Karün has launched a pilot program in Chile to collect the cigarette butts, he
said, and then works with Chilean cleantech company Imeko to chemically remove the toxins from the acetate of the cigarette butts, which is then used to design the eyewear.
The founder said he hopes to bring the pilot program to other cities and is looking at New York City or Miami as the brand's next target region.
Alongside the material innovations, Karün has been building out its distribution across the globe. The brand has more than 5,000 points of sale in 17 countries, partnering with major retailers like GrandVision in Europe and Grupo Devlyn in Mexico.
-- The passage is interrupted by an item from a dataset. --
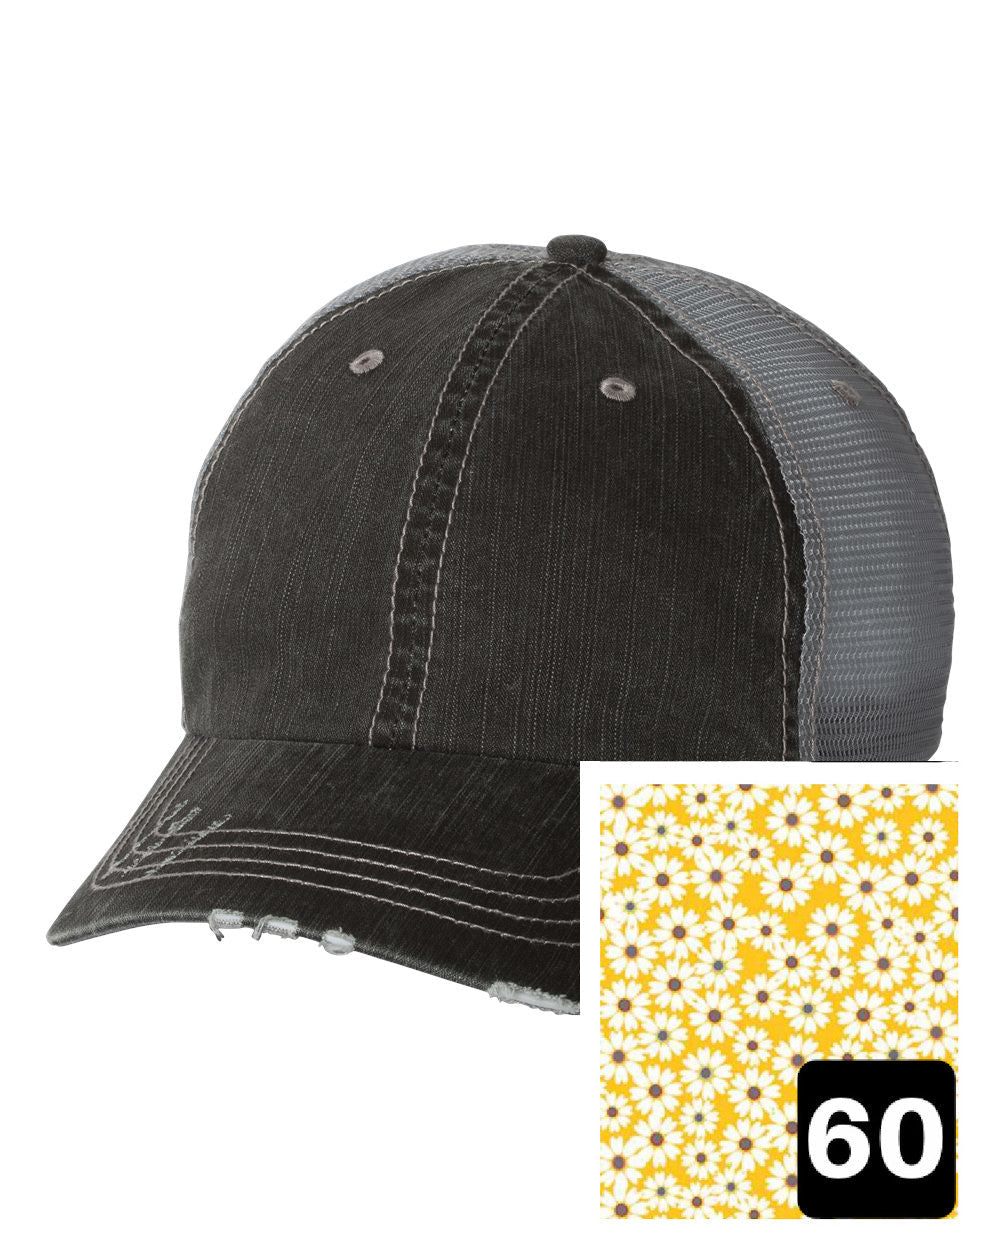 Ohio Hat | Gray Distressed Trucker Cap | Many Fabric Choices

In December, Karün embarked on its first major retail partnership in the U.S. with Walmart, entering 1,500 doors. Kimber said the brand is expected to expand to all Walmart doors in the near future.
“It's been an extremely difficult journey for us being a small company from Patagonia,” he said. “It's a very faraway place, just physically getting to the U.S. is already a challenge. Getting the funding is a big challenge, getting the opportunities to get into the doors of these markets is a big challenge, but we're very happy with the reception that we have.”
In addition to its global distribution, the brand has also teamed with actress Shailene Woodley and National Geographic on collaborations and is the official eyewear sponsor of The Ocean Race.
“The customers that wear Karün understand two key things: the first thing is the quality of the product — it's a very high-quality product. The second one is that you can at least trust that we are doing everything we can to do things in a way that is as coherent as we possibly can and as responsible as we possibly can,” Kimber said.
Going forward, Karün will continue its focus on using innovative, sustainable materials and expand its scope beyond eyewear. Earlier this month, the brand announced its first category expansion in partnership with environmental organization Join the Planet to recreate soccer player Lionel Messi's left cleat with recycled materials. The cleat is a collectible item that also utilizes the Karün Traceability System.
Through its initiatives, sustainability and restoring natural ecosystems remain Karün's core focus, Kimber said.
“Karün means to be nature — it's a beautiful word in the Indigenous language of the people in Chile and Patagonia,” Kimber said. “In Karün, we're proposing a way to understand companies and products from a different perspective. One in which you can create the highest-quality products without making damage or making the least amount of damage and helping to restore local communities and natural ecosystems with full transparency to customers.”